Then there was the “frightening speed at which false information was coming in — after only an hour in the control room, rumours were coming in on social media. ‘Your plane has landed in Nanning, China’. ‘It’s in the airport of an island near Borneo’. You’ve got to follow up, calling your local people, getting them out of bed to find up someone who worked at the airports — mostly remote places, not 24-hour operations — to check if the plane was there. We lost an hour just on that Nanning rumour.”
Finding an AWOL plane wasn’t a priority for international air traffic controllers. “We were calling, but they’ve got other planes in the air; they’re saying, ‘Your plane never entered my air space, so technically I don’t have to worry about it at the moment’. They’re not dropping everything to answer us.”

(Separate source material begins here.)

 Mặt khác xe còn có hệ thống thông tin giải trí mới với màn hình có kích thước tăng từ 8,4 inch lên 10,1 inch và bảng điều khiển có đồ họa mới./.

http://www.standard.co.uk/lifestyle/london-life/the-plane-truth-malaysia-airlines-boss-hugh-dunleavy-on-what-really-happened-the-night-flight-mh370-9556444.html
@PhilD, Thank you for posting that! His 1st thought was that the pilot had fallen asleep. That is hilarious. Imagine how often that must happen for him to actually say that. I need to seriously find myself a new means of transportation 🙂
If he did fall asleep perhaps he was given a sleeping drug… maybe both pilots were asleep from this consumption.
@PhilD, When KL ATC said goodnight MH370, he must have literally meant it. I think the ghostflight scenario is back on the table 🙂
@Crobbie
Most ANNUNCIATED non-normal checklists contain no ATC items because they’re there to help you deal with the airplane and its equipment. Within the trio-of-survival, “Aviate, Navigate, Communicate,” ATC is the last priority. I’m looking, for example, at the one for “LOW HYD PRES L,C,R” and there’s no ATC item. Ditto “DUAL ENGINE FAILURE” which I’ve never experienced myself but it sounds pretty bad and there’s no ATC item.

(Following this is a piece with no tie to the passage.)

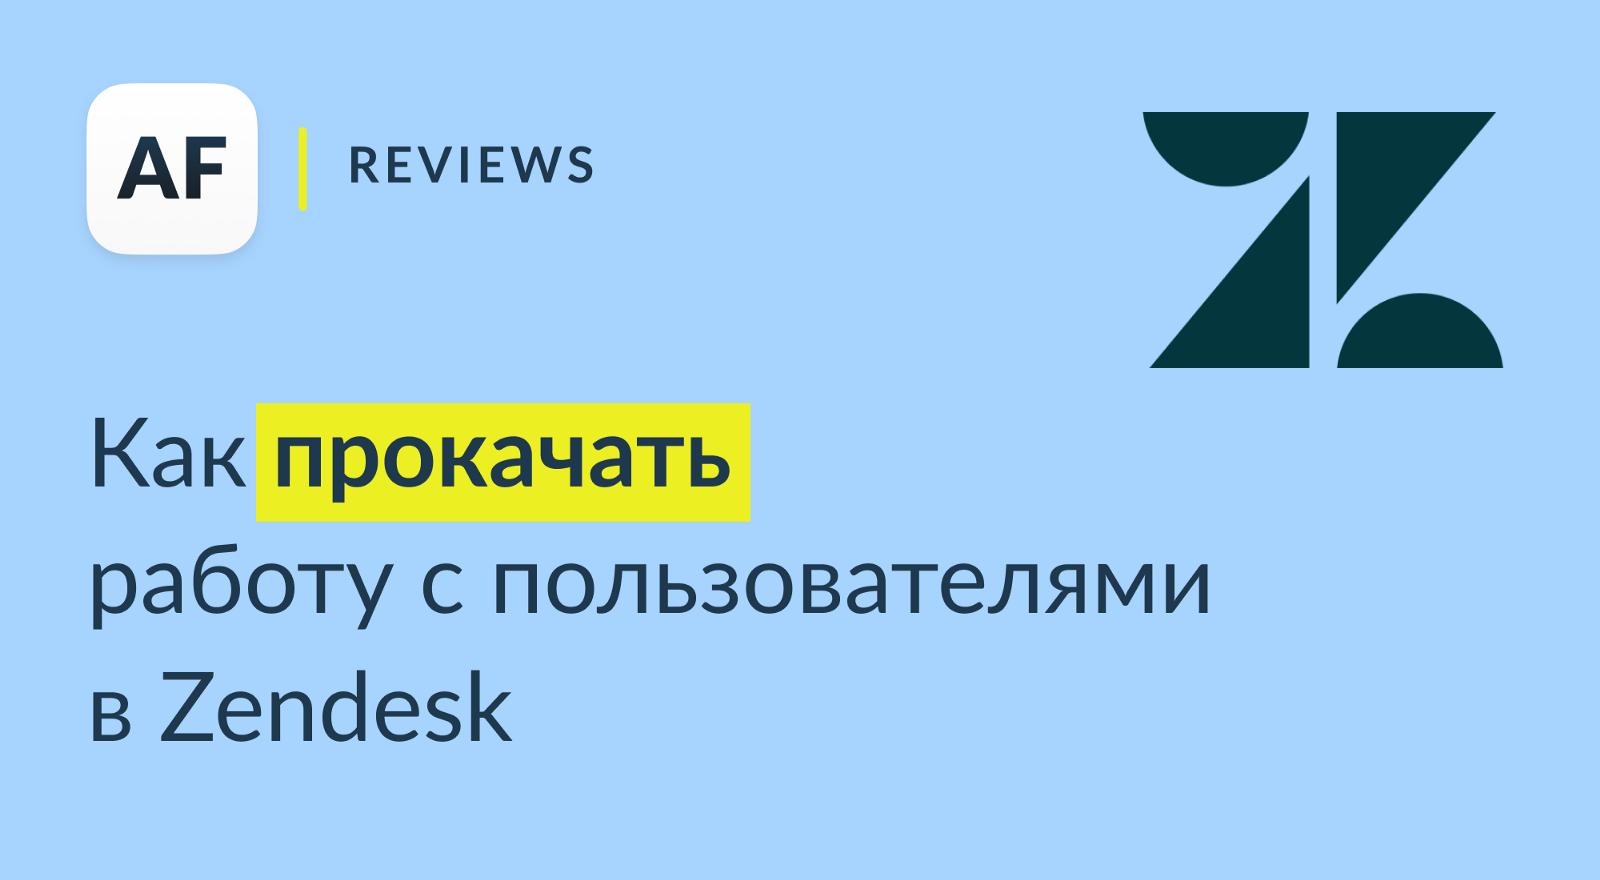 Как прокачать работу с пользователями в Zendesk

Non-normal FLIGHT PHASE checklists do tend to have ATC items. DITCHING, for example, has “send distress signal” as item number 1 because by the time you’ve gotten to the point of ditching, you’ve exhausted all your “fix the problem” options.
Mick Gilbert relying on that to explain the lack of a distress call is both weak and amateurish. He kind of reminds me of Chris Goodfellow, only he’s spent more time on Google and has a better grasp of the language. Regardless, Gilbert’s “windshield” theory is an utterly preposterous waste of time. Beyond preposterous. Is absurd worse than preposterous? Whatever word is more grossly ridiculous than preposterous.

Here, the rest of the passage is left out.